▶ **Stored data**
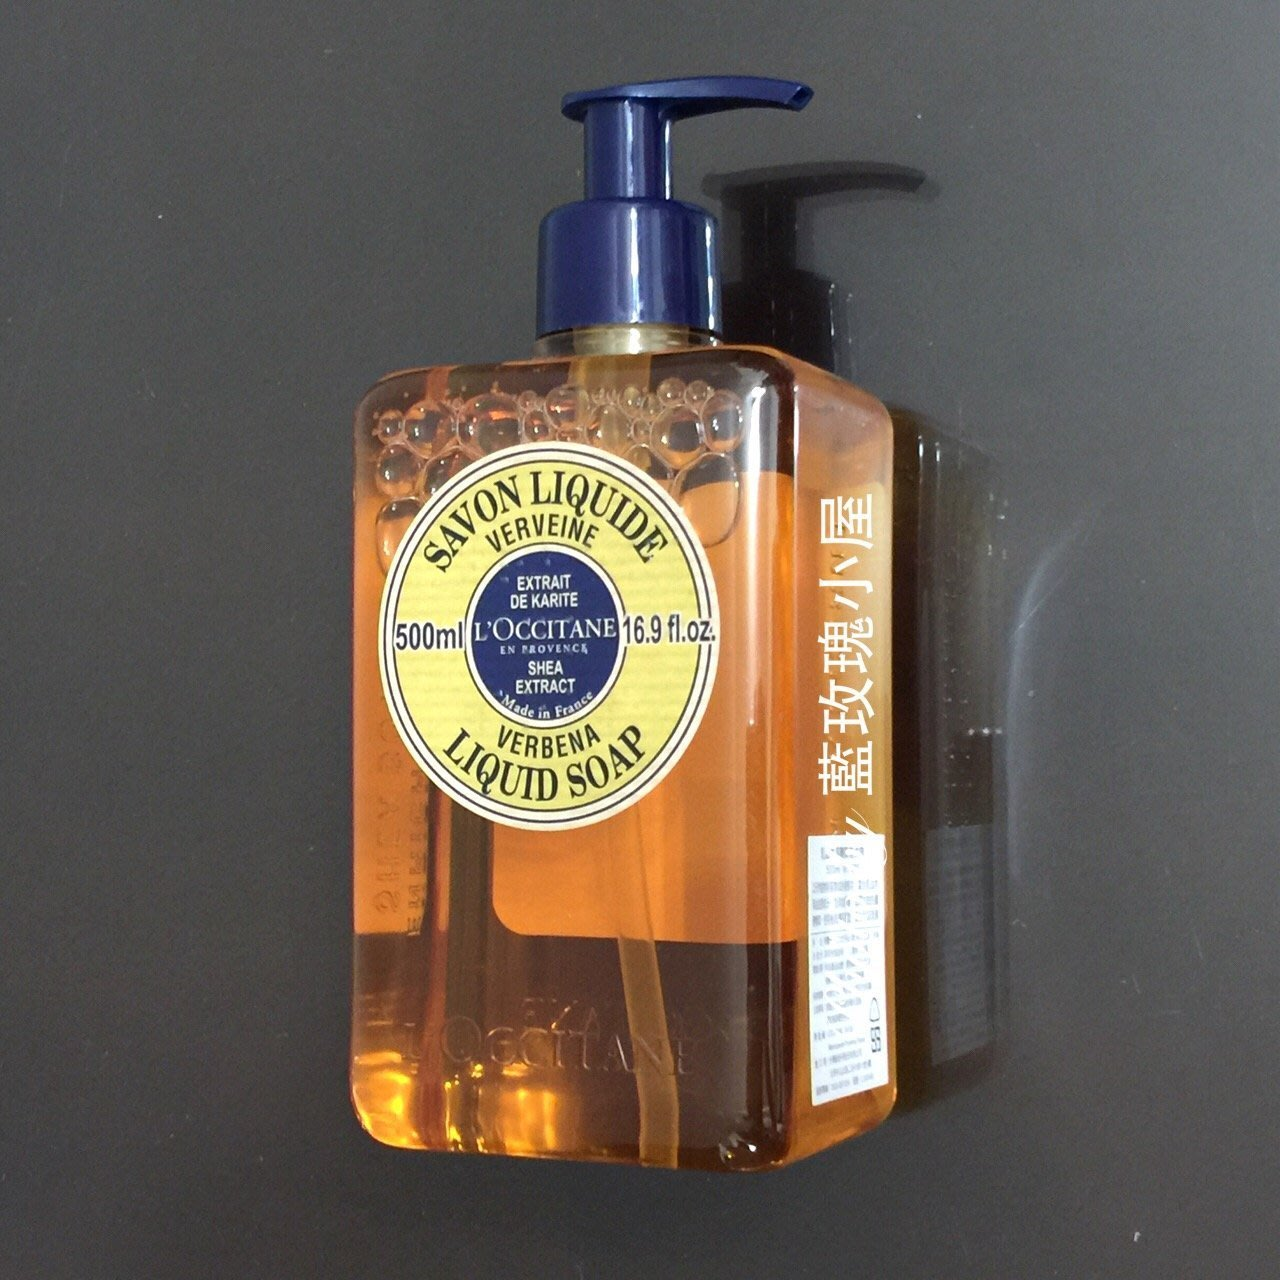 ?歐舒丹 乳油木馬鞭草液式皂500ml(期限2022)?百貨專櫃貨~溫和沐浴乳,洗手洗衣皆可,另售補充包♫藍玫瑰小屋♫
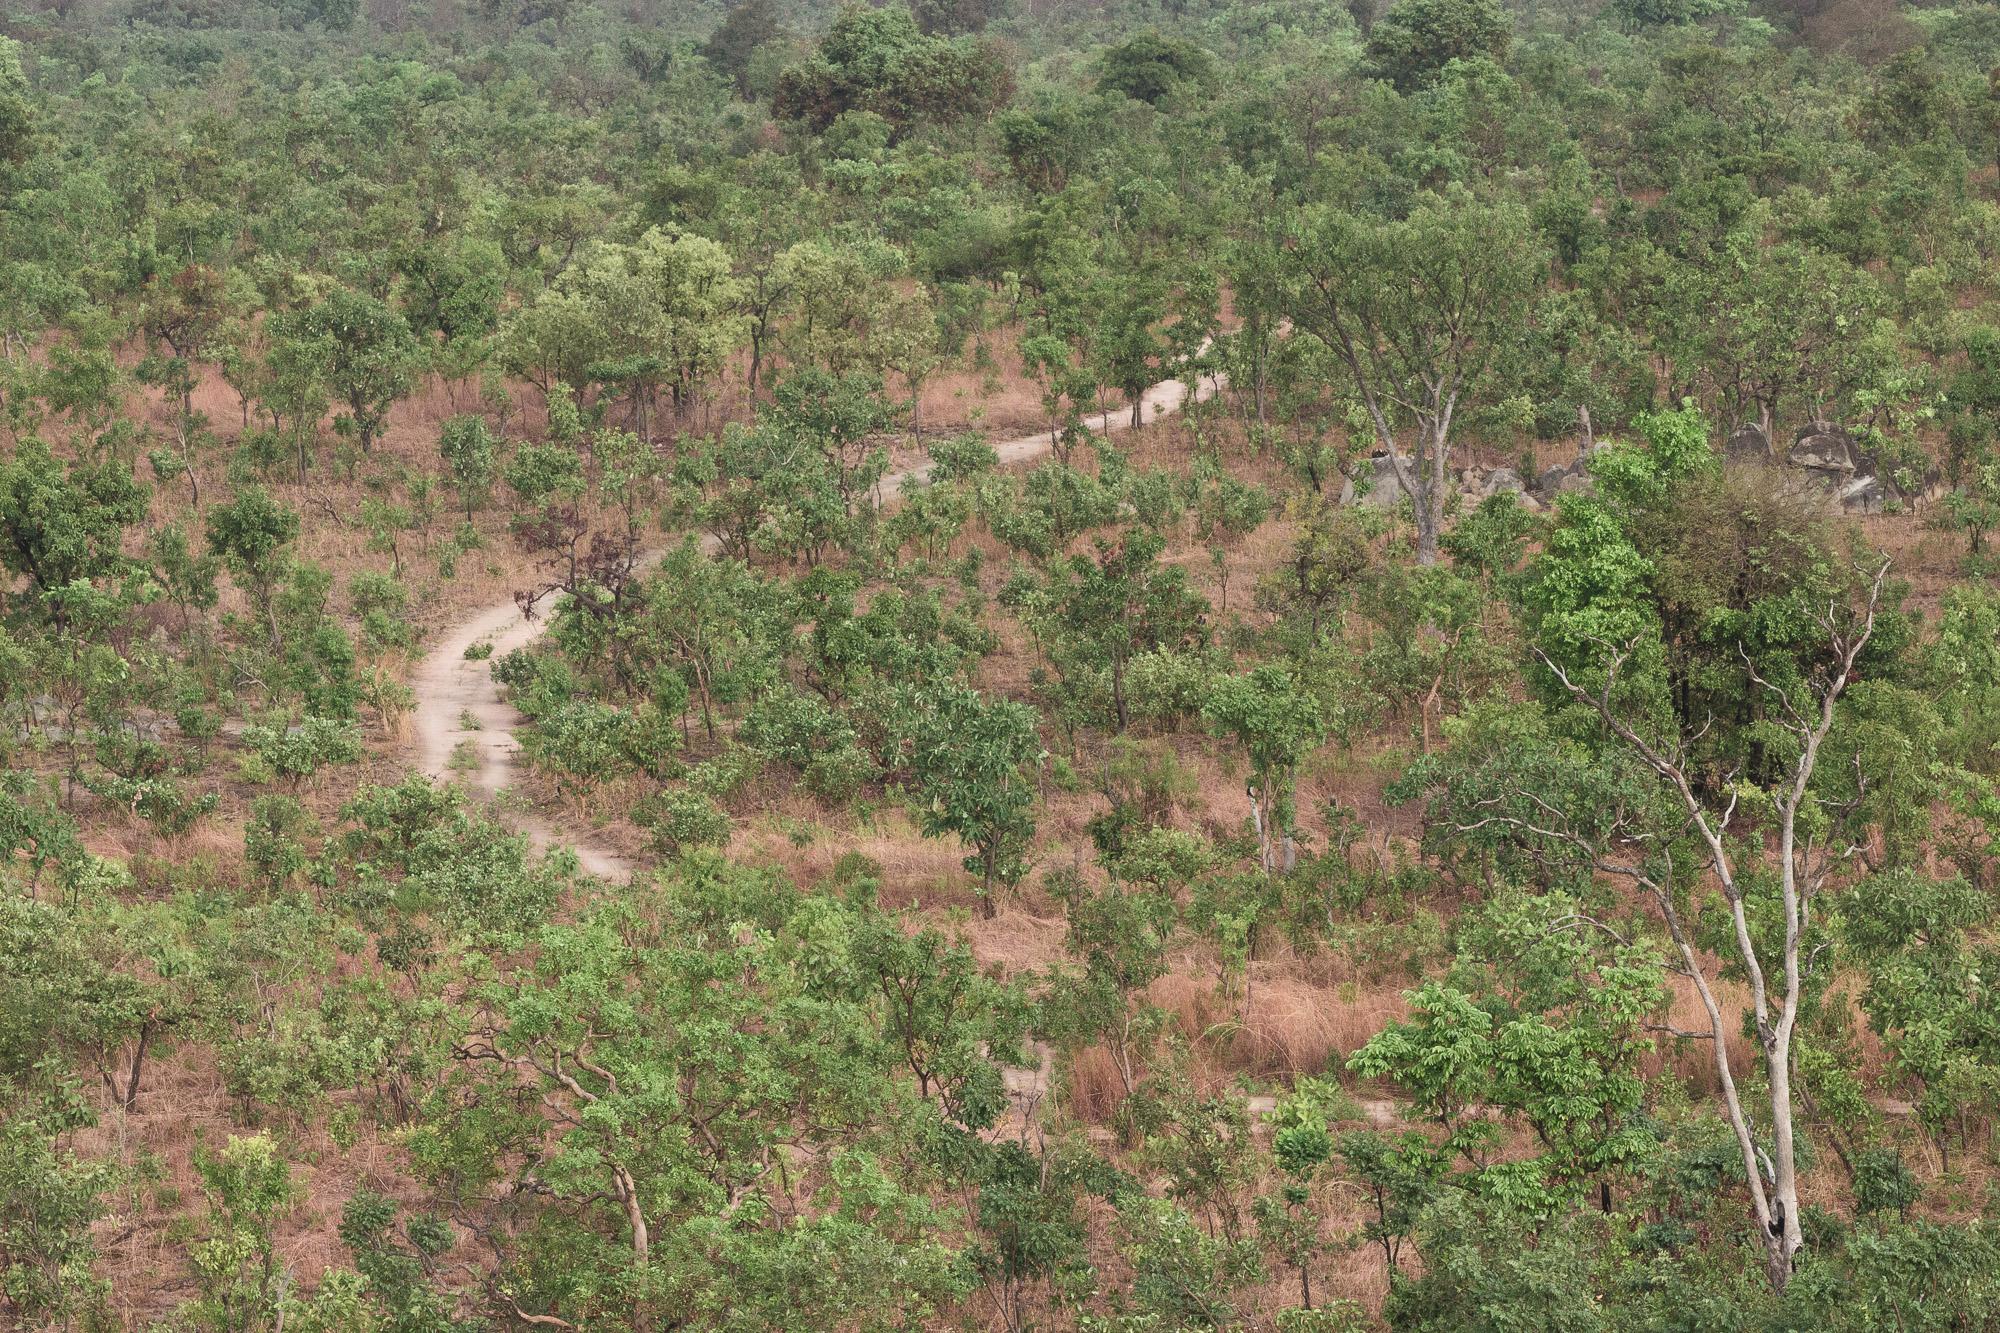 Brousse de la réserve de Nazinga, Burkina Faso
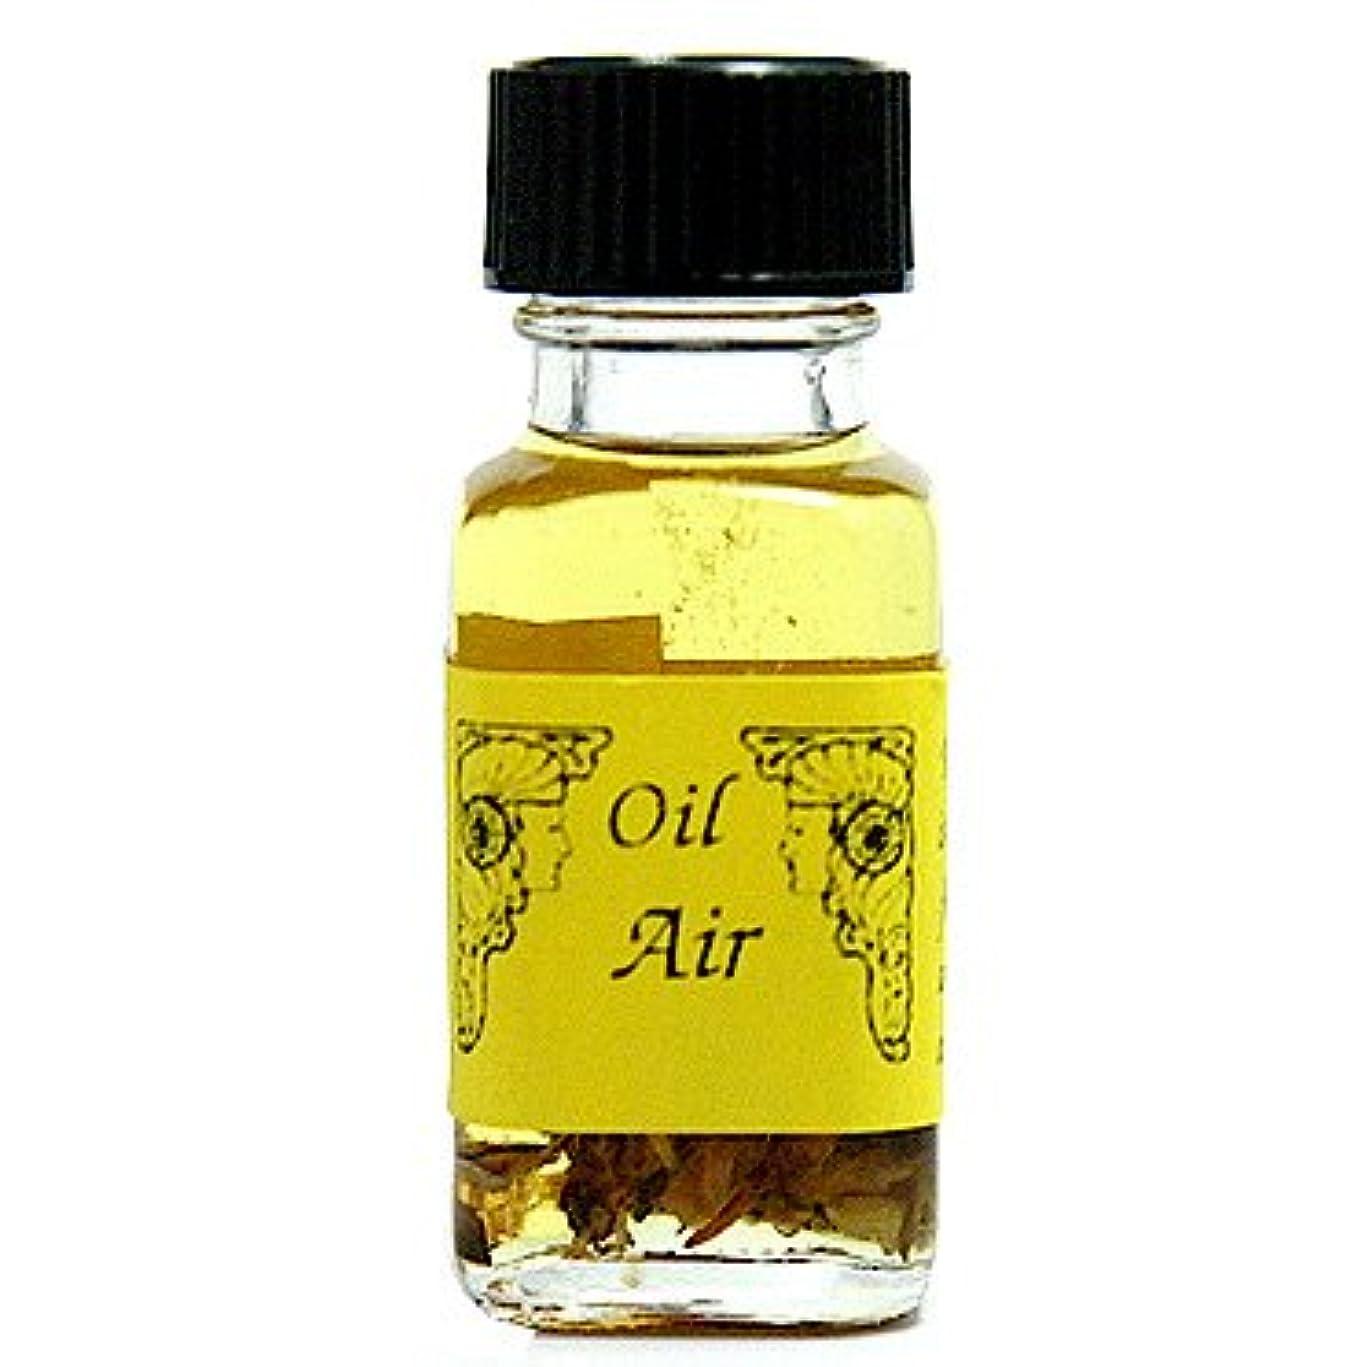 誤忙しい合わせてアンシェントメモリーオイル エアー (風) 15ml (Ancient Memory Oils)

▶ **Task**
Would you return the data above exactly as written, minus the images?

▶ **Answer box**
 ?歐舒丹 乳油木馬鞭草液式皂500ml(期限2022)?百貨專櫃貨~溫和沐浴乳,洗手洗衣皆可,另售補充包♫藍玫瑰小屋♫
 Brousse de la réserve de Nazinga, Burkina Faso
 誤忙しい合わせてアンシェントメモリーオイル エアー (風) 15ml (Ancient Memory Oils)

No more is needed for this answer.